Houjun Liu

top-down parsing

recursive descent parsing

Given the grammar:

E -> T | T + E
T -> int | int * T | (E)

And suppose our token stream is: (int5) We will start top-level non-terminal character E, and will try to apply the rules for E in order…

(this is exactly how you imagine one builds a parser via recursive backtracking)

when does it break?

Consider S -> S a, this becomes S -> S1 a.

Notice it will break into:

bool S1() { return S() && term(a); }
bool S() { return S1(); }

This is what we call a left recursive grammar

left recursive grammar

That is, the grammar keep recurses to the left without termination.

fixing left recursive grammars for top-down parsing

For:

S -> S a1 | ... | S an | b1 | ... | bm

We write:

S -> b1 S' | ... | bm S'
S' -> a1 S' | ... | an S' | nothing

where nothing is the empty string.

  • example

    For the left recursive grammar

    S -> S a | b
    

    We can refactor as

    S -> B S'
    S' -> a S' | nothing
    

    where nothing is \(\epsilon\)

example!

We will define boolean functions to check the string for matches.

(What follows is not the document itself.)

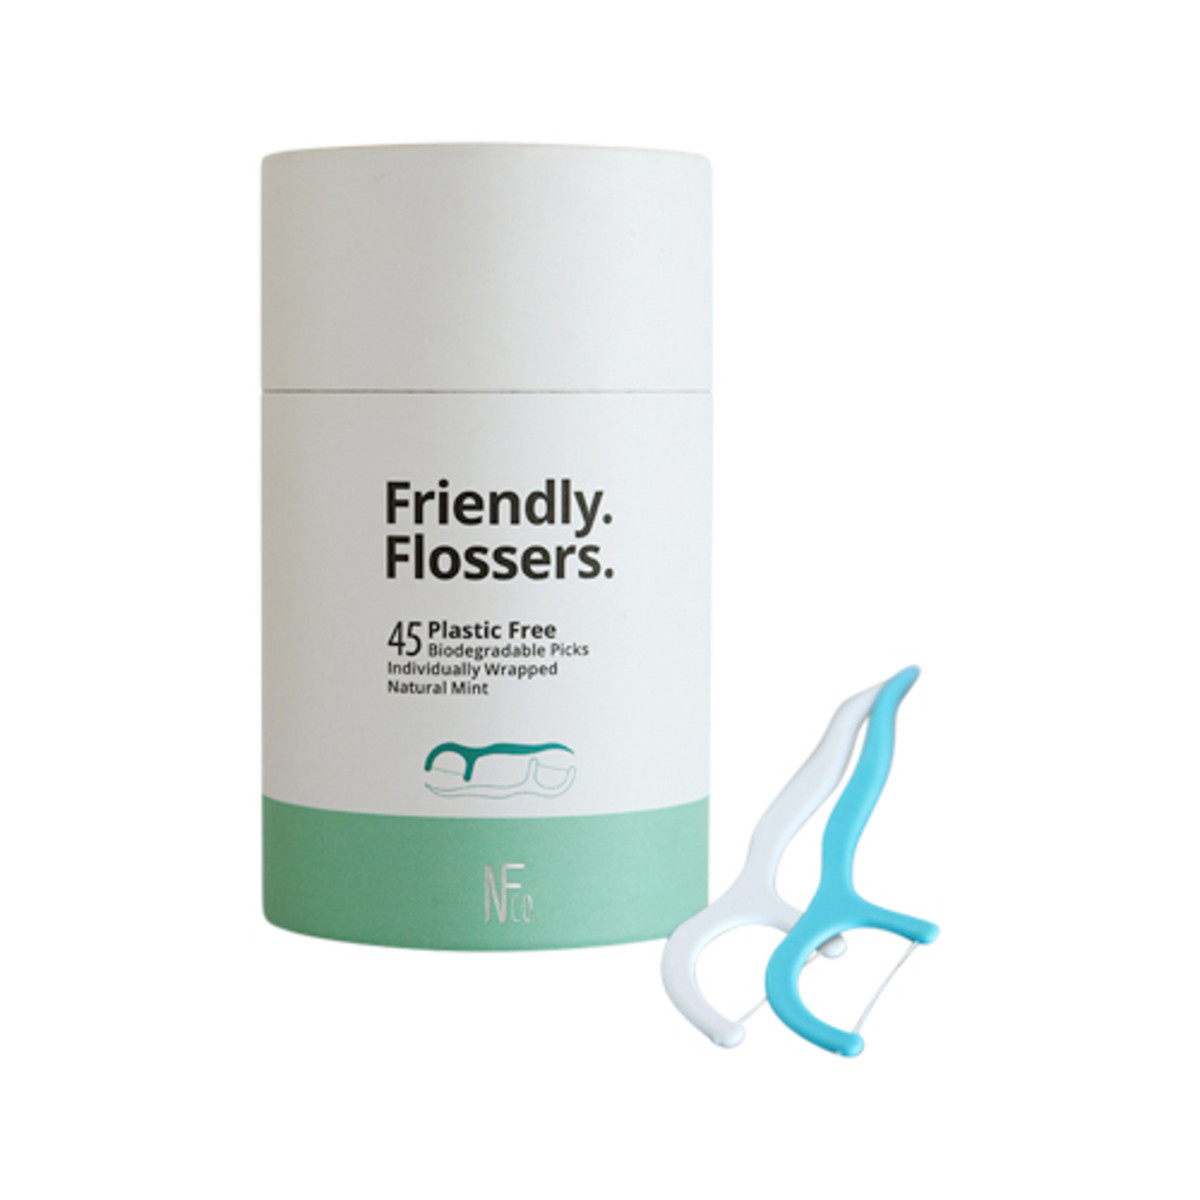 THE NATURAL FAMILY CO. - Friendly Flossers. Biodegradable picks Natural Mint

// gobble up the token string pointer
bool term(TOKEN tok) { return *next++ == tok; }

Let’s now match each of our productions.

bool E1() { return T(); }
bool E2() { return T() && term(PLUS) && E(); }
bool E() {
    TOKEN *save = next;
    // that is, if E1 matches, return immediately
    // otherwise, we return our saved pointer in text (i.e. roll what what
    // checking E1 could goble), and roll back
    return (
            E1() ||
            (next=save, E2());
    )
}
bool T1() { return term(INT) };
// ... you get the point